A hacking down of nature regulations would loosen the ties that bind us and cut into our shared budget for joy.

Such a move would be all the more tragic for also being futile...

Environmental deregulation will not lead to economic growth 

The Westminster lobbyists who keep up a constant drumbeat demanding cuts to ‘red tape’ make a professional virtue of short political memories. They overlook the fact that environmental deregulation has been tried repeatedly over the past two decades, with economic results that range from negligible to disastrous. 

Liz Truss’s tenure as Secretary of State for the Environment, Food and Rural Affairs from 2014 to 2016 provides an illustrative example. She pursued an explicitly deregulatory agenda, boasting of cutting red tape by reducing farm inspections and trimming down regulators overseen by Defra in order to ‘make savings as a department’. 

Cuts included an £80 million reduction in the budget the Environment Agency relied on for sewage monitoring. The fact that regulations had been put in place and regulators given responsibilities by previous Parliaments for good reasons were disregarded; deregulation was the priority.  

With the benefit of a decade’s hindsight we can see how these decisions contributed to the sewage and agricultural pollution crisis in our rivers, a crisis that has shaken the fiscal foundations of the water sector and risks billions of pounds of taxpayer money being used for bailouts.  
 

Environmental crisis events can lead to serious economic disruption 

With The Times reporting that the new Defra Secretary of State, Emma Reynolds, has been asked by the Chancellor to do more to ‘cut back on red tape’ and rein in the regulators in her department, the Truss era constitutes a warning beacon. 

Regulations and their implementation can of course be improved, but previous all-out assaults on environmental regulation have failed to produce good economic results. ‘Green tape’ has an important economic function, to provide stability and prevent environmental crisis events which can cause serious economic disruption. As Liz Truss showed with water regulation, the short-term rush of deregulation can lead to a long and costly hangover. 

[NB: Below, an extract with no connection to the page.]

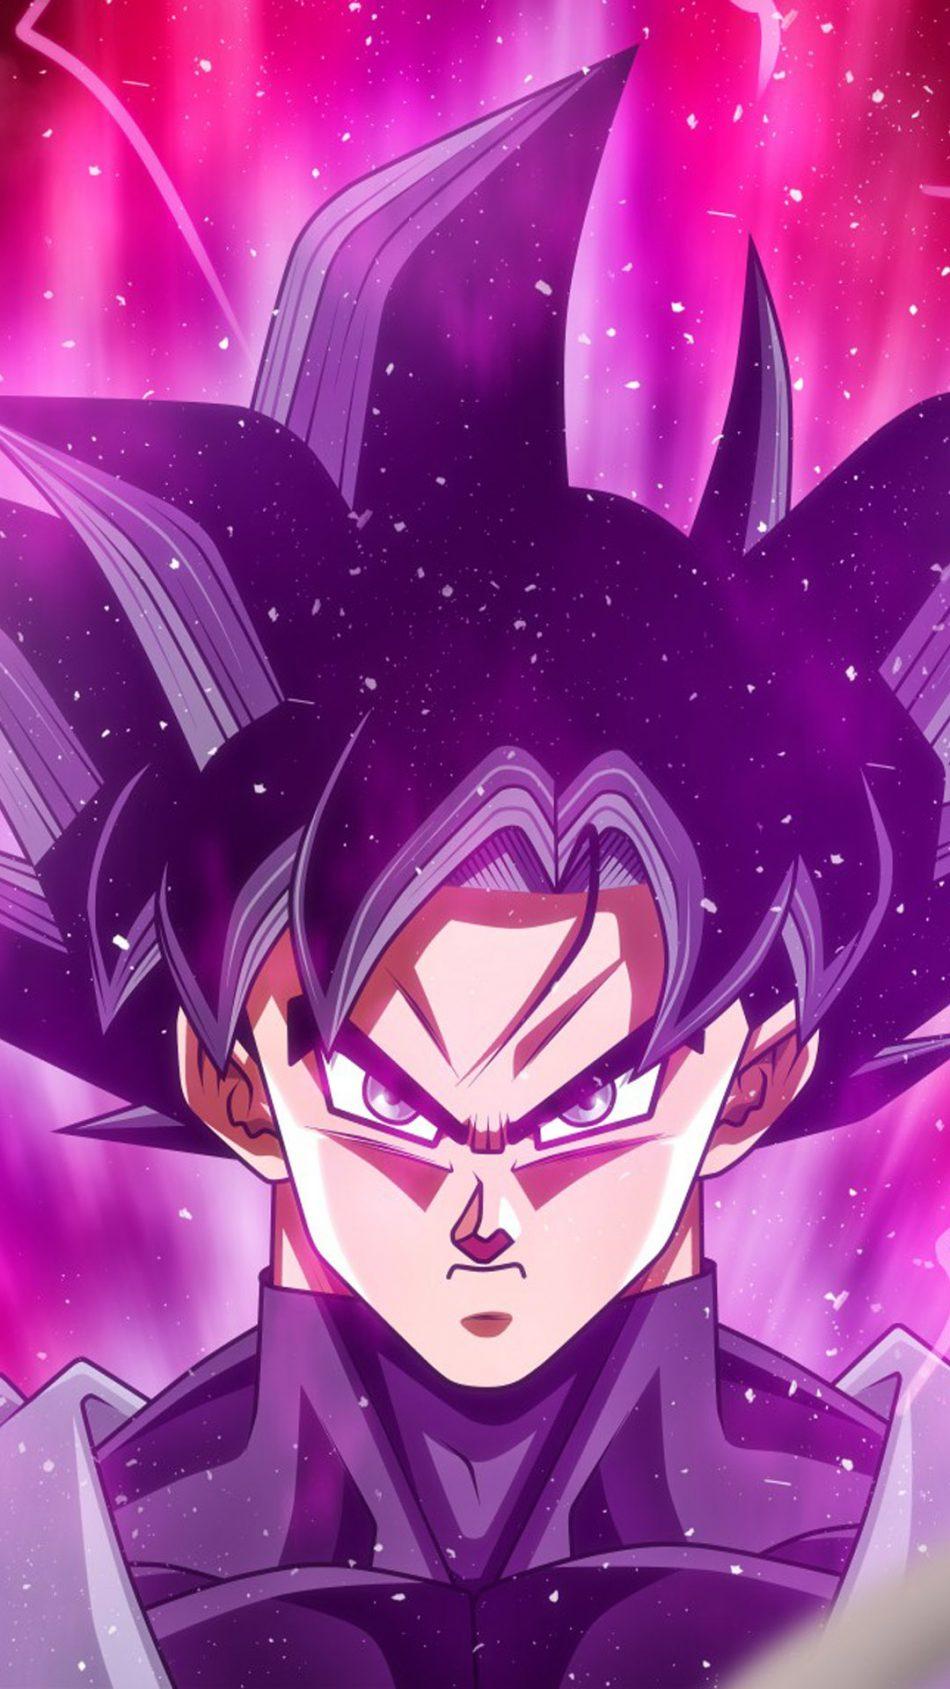 Goku Black Dragon Ball Super Free 4K Ultra HD Mobile Wallpaper

The Wildlife Trusts will be at Labour Conference next week to provide this warning. We will urge Emma Reynolds at Defra and Steve Reed at MHCLG not to heed the siren voices calling for the weakening of environmental regulations and regulators, and to reject the false premise that environmental sacrifice will magically conjure up economic growth.

With rumours that the Planning and Infrastructure Bill could be shortly amended to weaken protections for National Parks, making the Bill even more worrying for nature, this message is urgent. 

Most of all, we will remind Ministers of the wisdom of their leader’s 2023 speech. The little joys in life matter, including the wild ones – the family days out in nature reserves, the picnics at scenic spots, the holidays in National Parks. 

An attack on nature regulations is an attack on the safeguards that make these happy days possible. With every diminishment of these wildlife-protecting, happiness-giving environmental regulations, a little bit more of our collective joy is whittled away.